Wednesday, May 30, 2007

Our Anniversary

Nate,
To me, you will always be Red Robin because that is where we met. Notting Hill because it was in the theater watching that movie that our hands first met. The white Tacoma pick up truck that I drove in high school because that is where our lips met. The Indian chair at my old house on Satellite Dr. because that is where the sound of your "I love you" first met my ears. The McCully House Inn because that is where we got to know each other in ways we don't talk about on blogs. And the Utah Valley Regional Medical Center because that is where we first met the perfectly formed product of that one time when two of our tiny little cells met. But in the more recent DayToDailyness of our life together, you have become many more places and sounds and smells to me...

You are the smell of Listerine mingled with Zest bar soap on a good-bye kiss from my favorite set of lips every morning at 8:15. You are political podcasts, religious discourses, The Millionaire Mind, and Dave Ramsey's Total Money Makeover through the ear buds of a white iPod Nano. You are marginal benefits, arm's length transactions, and cost benefit analyses--a fiscal metaphor for most of life's issues. You are the best, the worst, the funniest, the most embarrassing, the most delicious -- superlatives for every description. Hyperbolic? Perhaps. But your enthusiasm for life is usually boundless and always unfeigned.

You are the beeping of the cell phone alarm at 7:00 a.m. And again at 7:10. And 7:20. Until the inevitable cannot be postponed any longer and there is finally a groggy emergence from the warmth of our king-sized cacoon at 7:30.

You are a seemingly infinite internal capacity for chips and salsa. You are Blue Bell Great Divide Ice Cream sandwiched between two homemade chocolate chip cookies. And unfortunately you are a wretched intestinal revenge after a gluttonously greasy evening of burgers and bottomless steak fries at the local Red Robin.

In domestic affairs, it has emerged a sort of unspoken agreement that in our home, you are the broom, the lawnmower, the weed-whacker, the pesticides, the fertilizer, and the iron--and I am happy to be everything else.

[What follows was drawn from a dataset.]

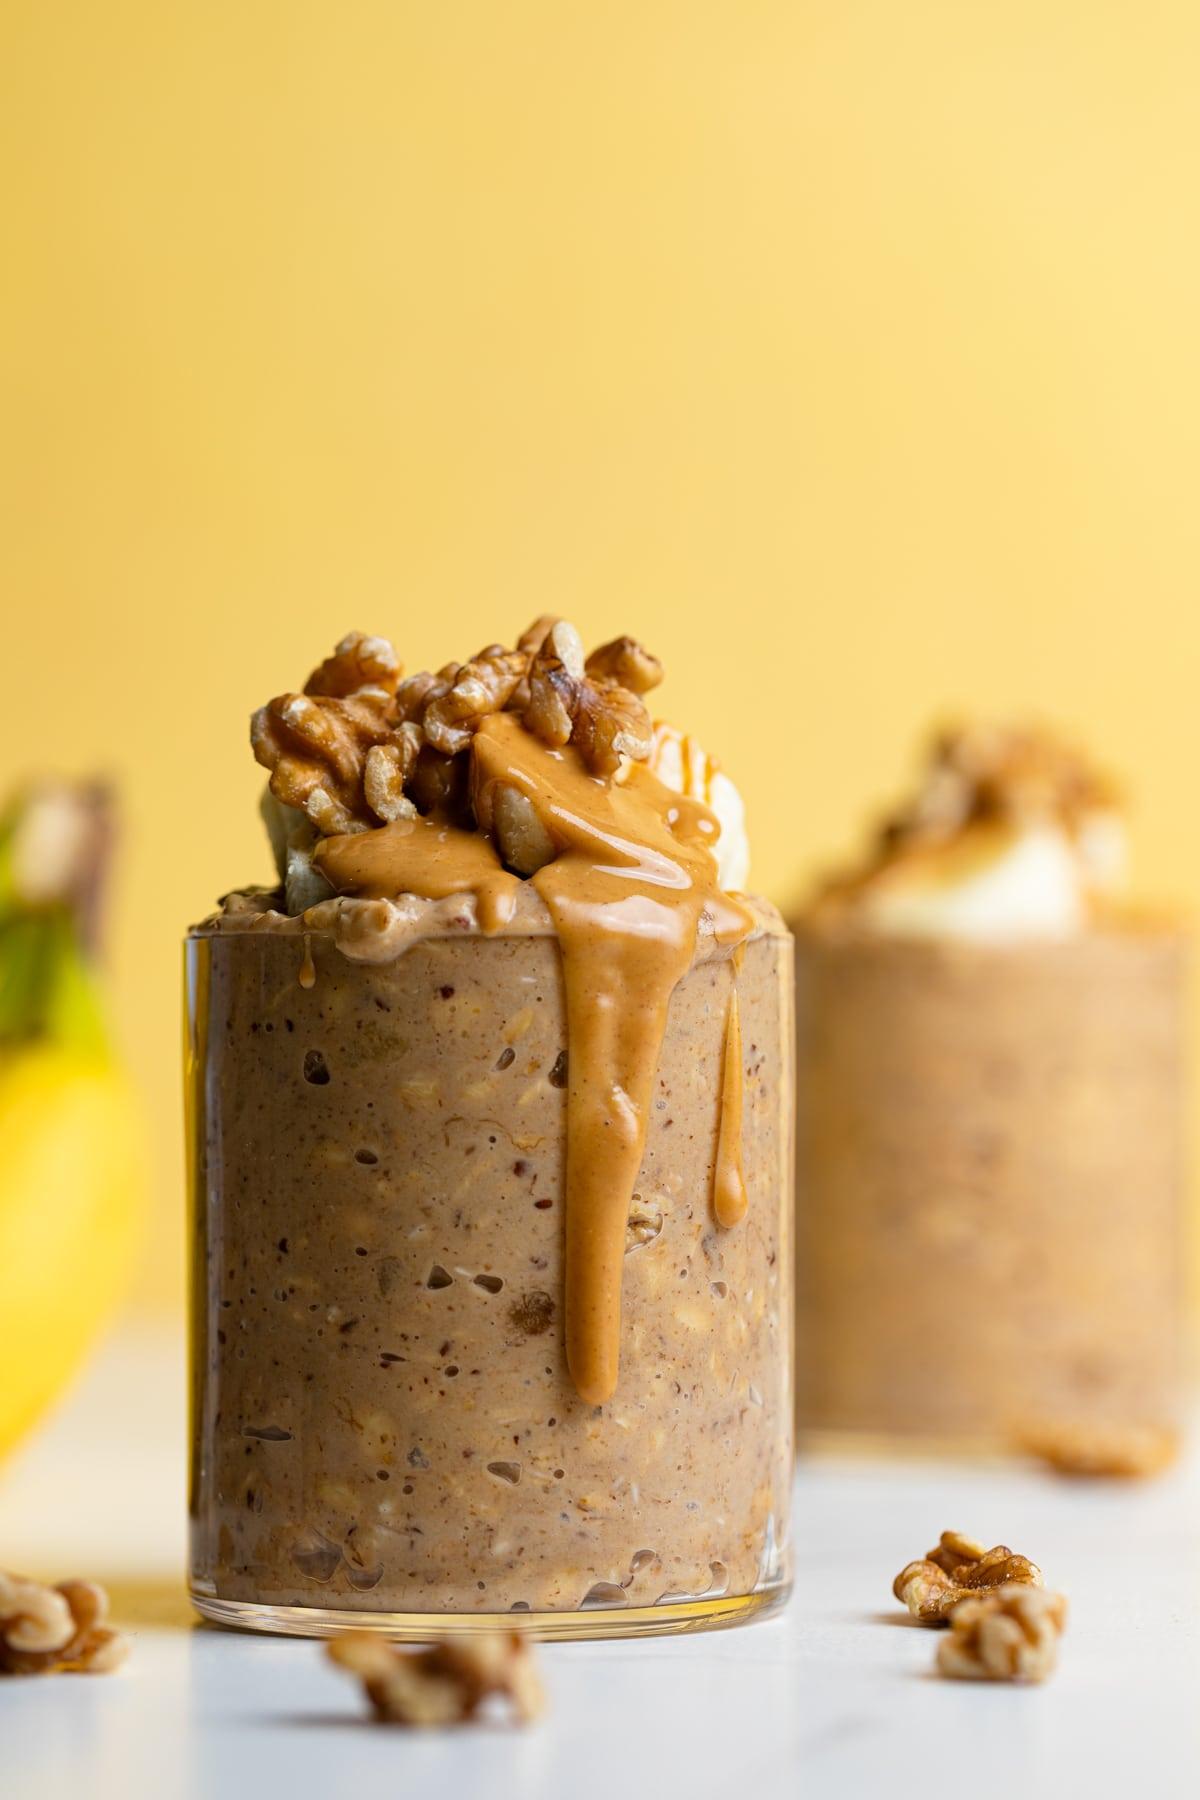 Banana Peanut Butter Overnight Oats

You are the food on our table, our mortgage payment, the gas in our cars, our insurance payment, our electricity bill, the clothes on our backs and the furnishings in our home and I am the frozen smoothie fruit, the accessories in the bathroom, and a few other occasional niceties that a part-time nanny's wage will afford.

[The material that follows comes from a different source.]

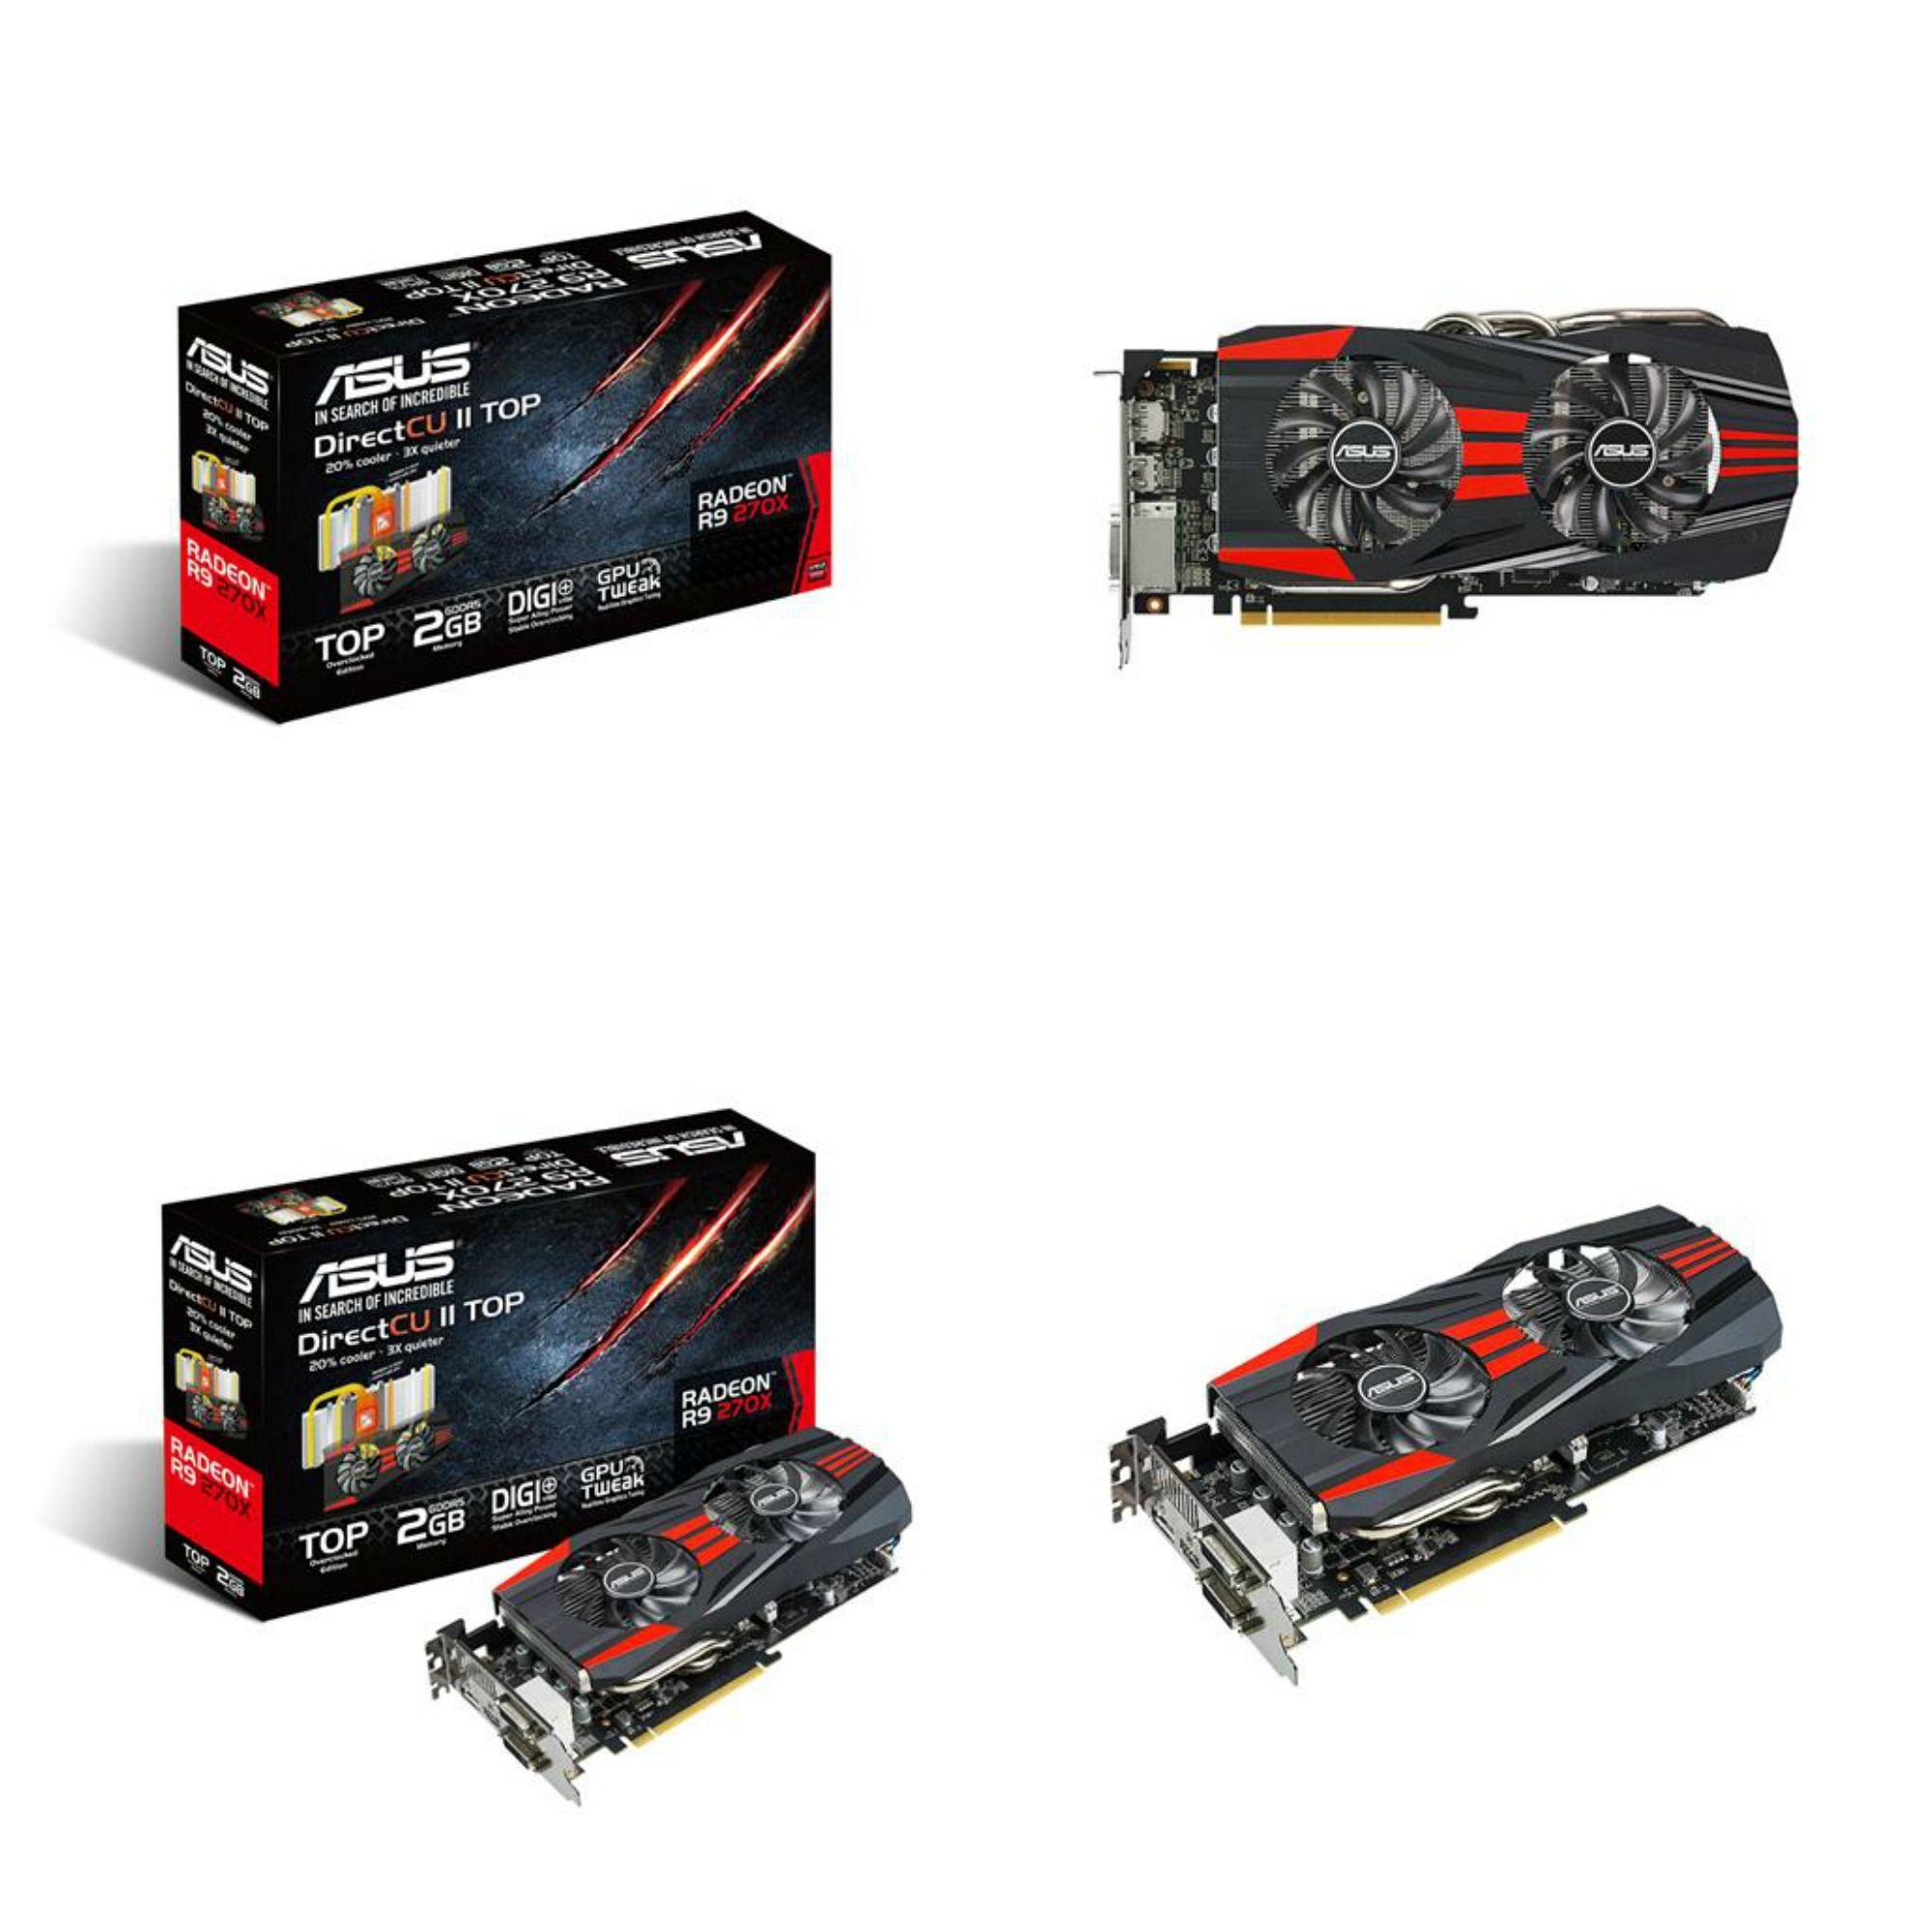 ASUS Radeon R9 270X | Computers

You are a navy blue pair of BYU Athletic Department jersey shorts, which remind me that the man who runs gentle fingers through my hair in the wee hours and lays on the floor of Henry's room when sleep won't come, used to run pass routes around refrigerator-sized linemen, and raise and lower astronomical amounts of steel in a testosterone-infused weight room. And you are the residual traces of that strength I feel when you willingly work the knots out of my back where stress settles in a grip of fiery tension right between my right scapula and my spine.

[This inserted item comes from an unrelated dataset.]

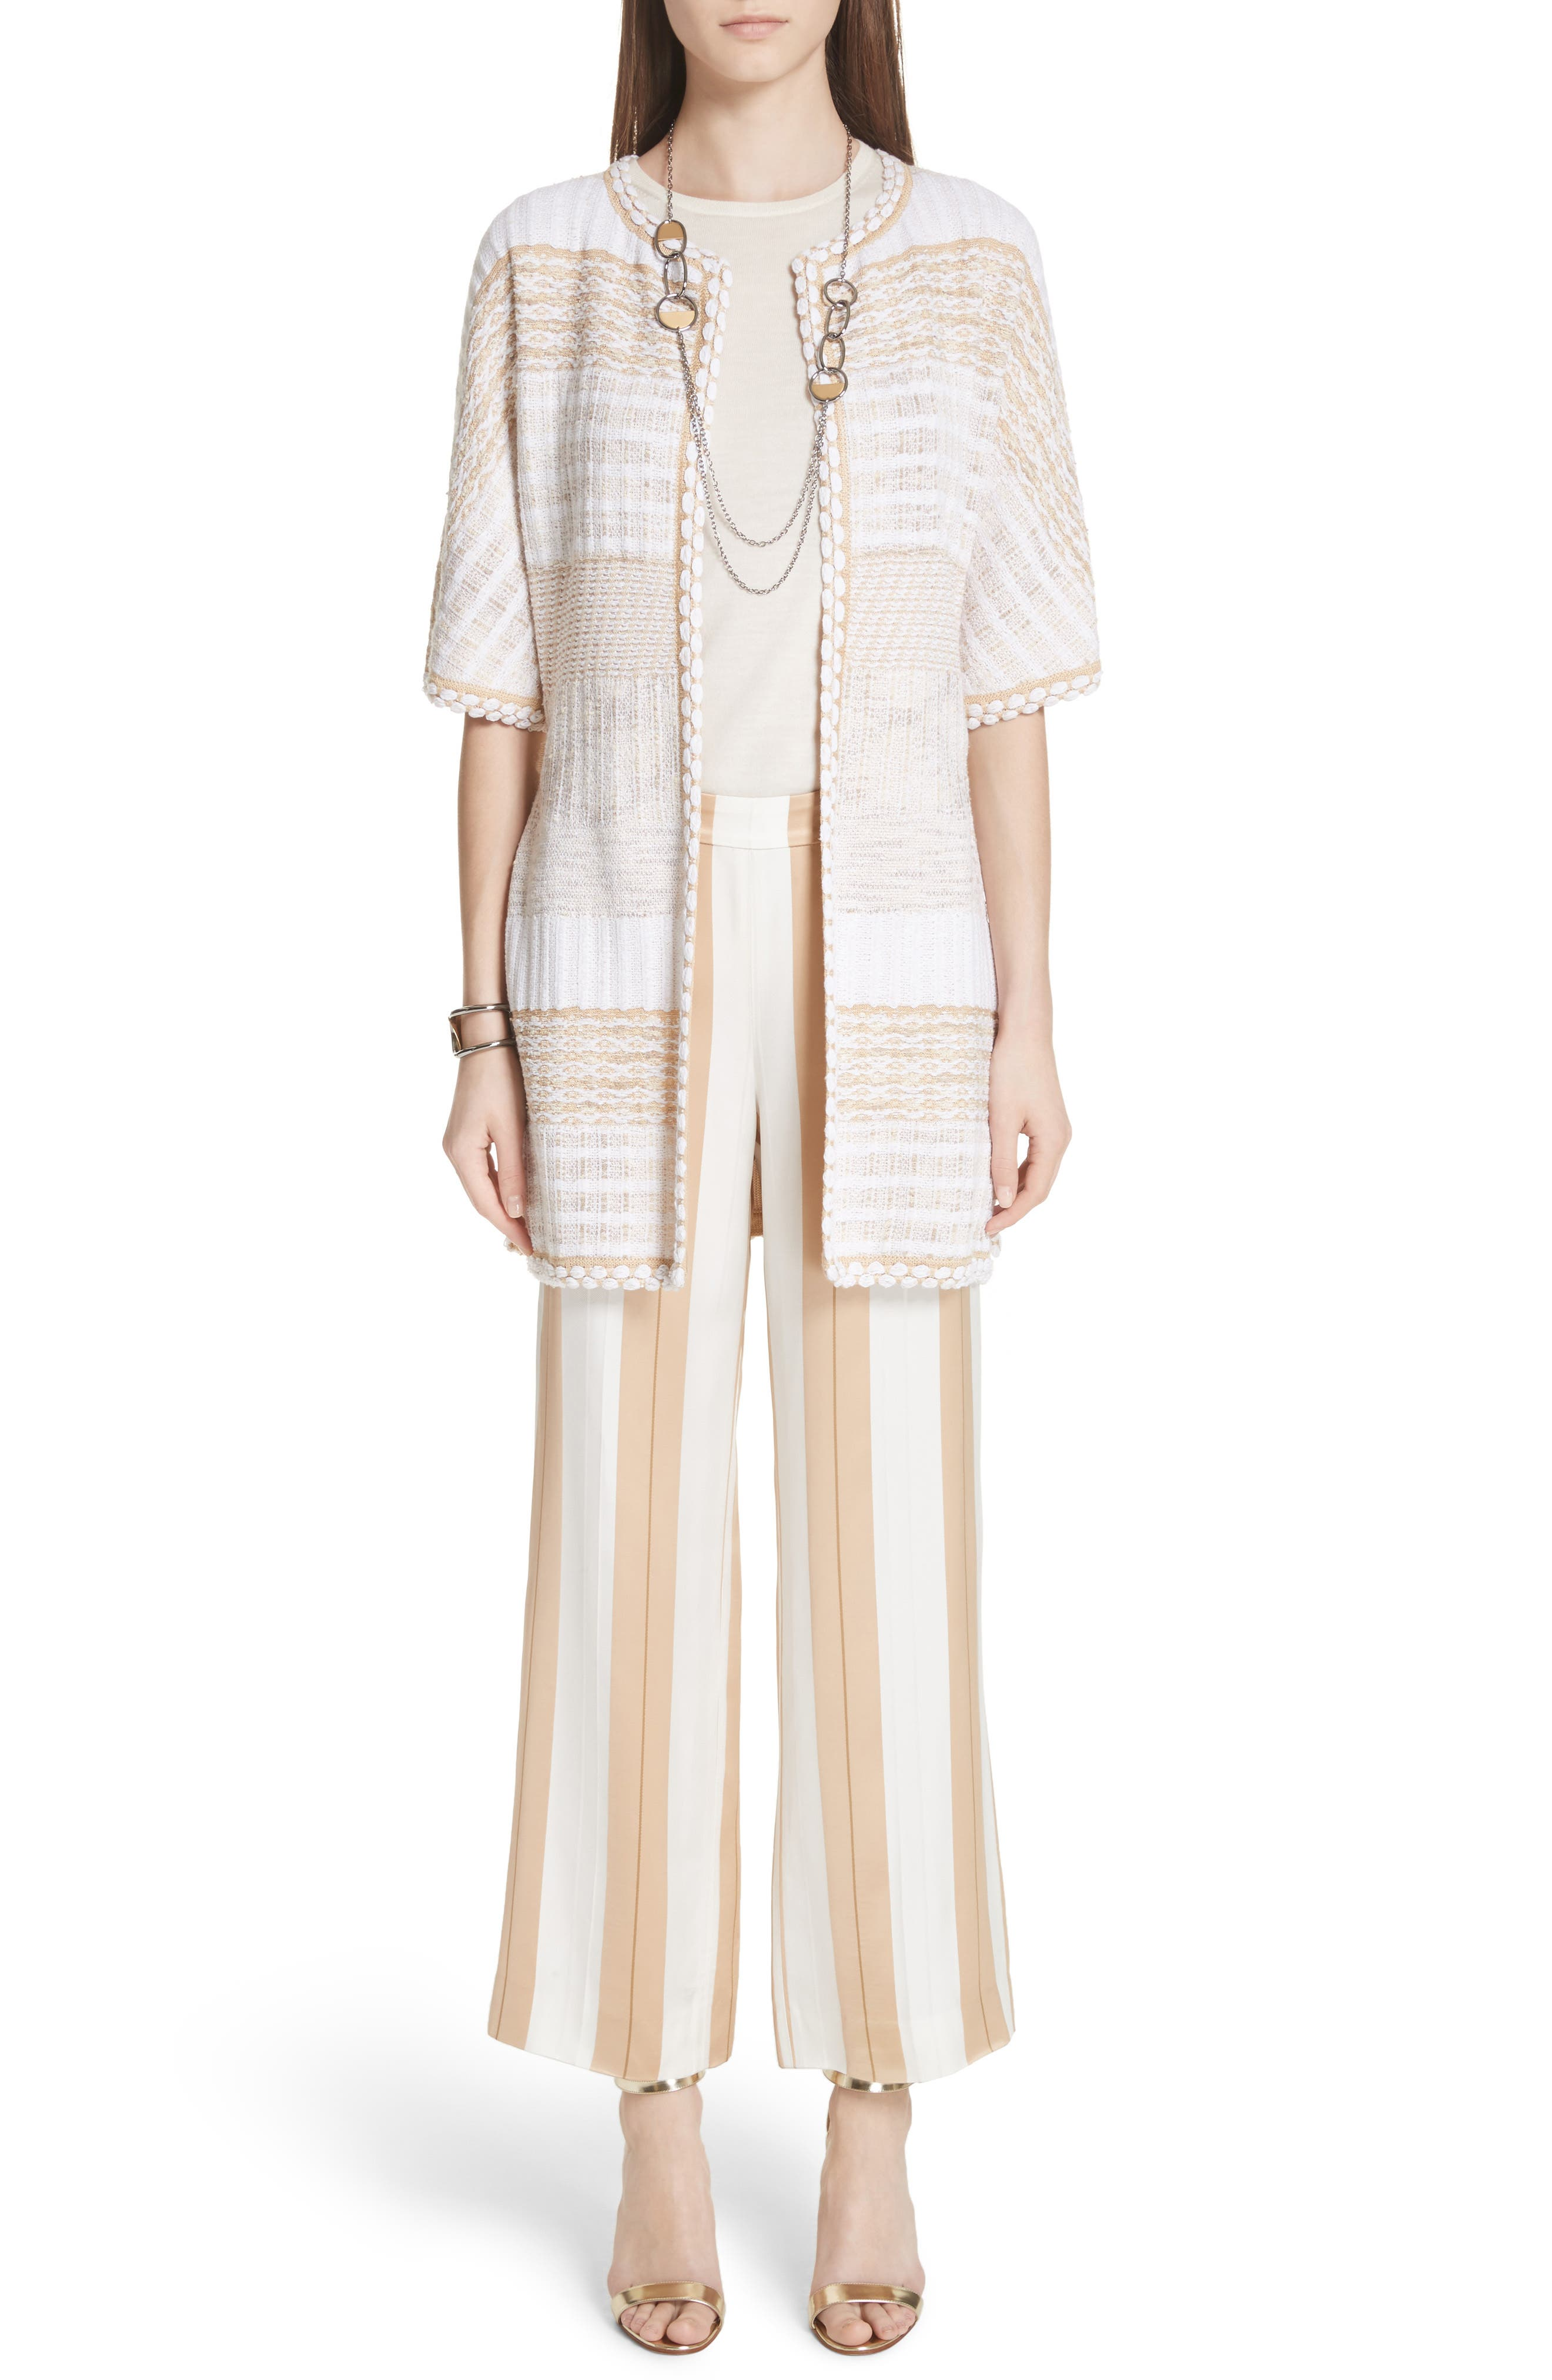 ST. JOHN COLLECTION,                             Mixed Floats Stripe Knit Jacket,                             Alternate thumbnail 7, color,                             700

You are the HubbaHubba! compliment, "Wow, Sweetie! You look HoT!" when I straighten my hair, apply more generous amounts of make up, or wear a flirty skirt. But even more charming, in my opinion, is that when I'm clad in green plaid pajama bottoms and a sloppy t-shirt, in a fresh from the shower, lazy Saturday morning state of make-uplessness, you are the, "You're really pretty, do you know that?" observation, offered in a genuinely I'mNotExpectingToGetLuckyTonight kind of tone. And while we're on that subject that we don't talk about on blogs, I can't resist revealing that you are a hearty round of armpit flatulence (y'all know the kind, where you place a cupped palm in your underarm and make crude noises,) -- a failed attempt at aphrodisia, but a brilliant dose of unexpected humor during a tedious stint of trying for child #2.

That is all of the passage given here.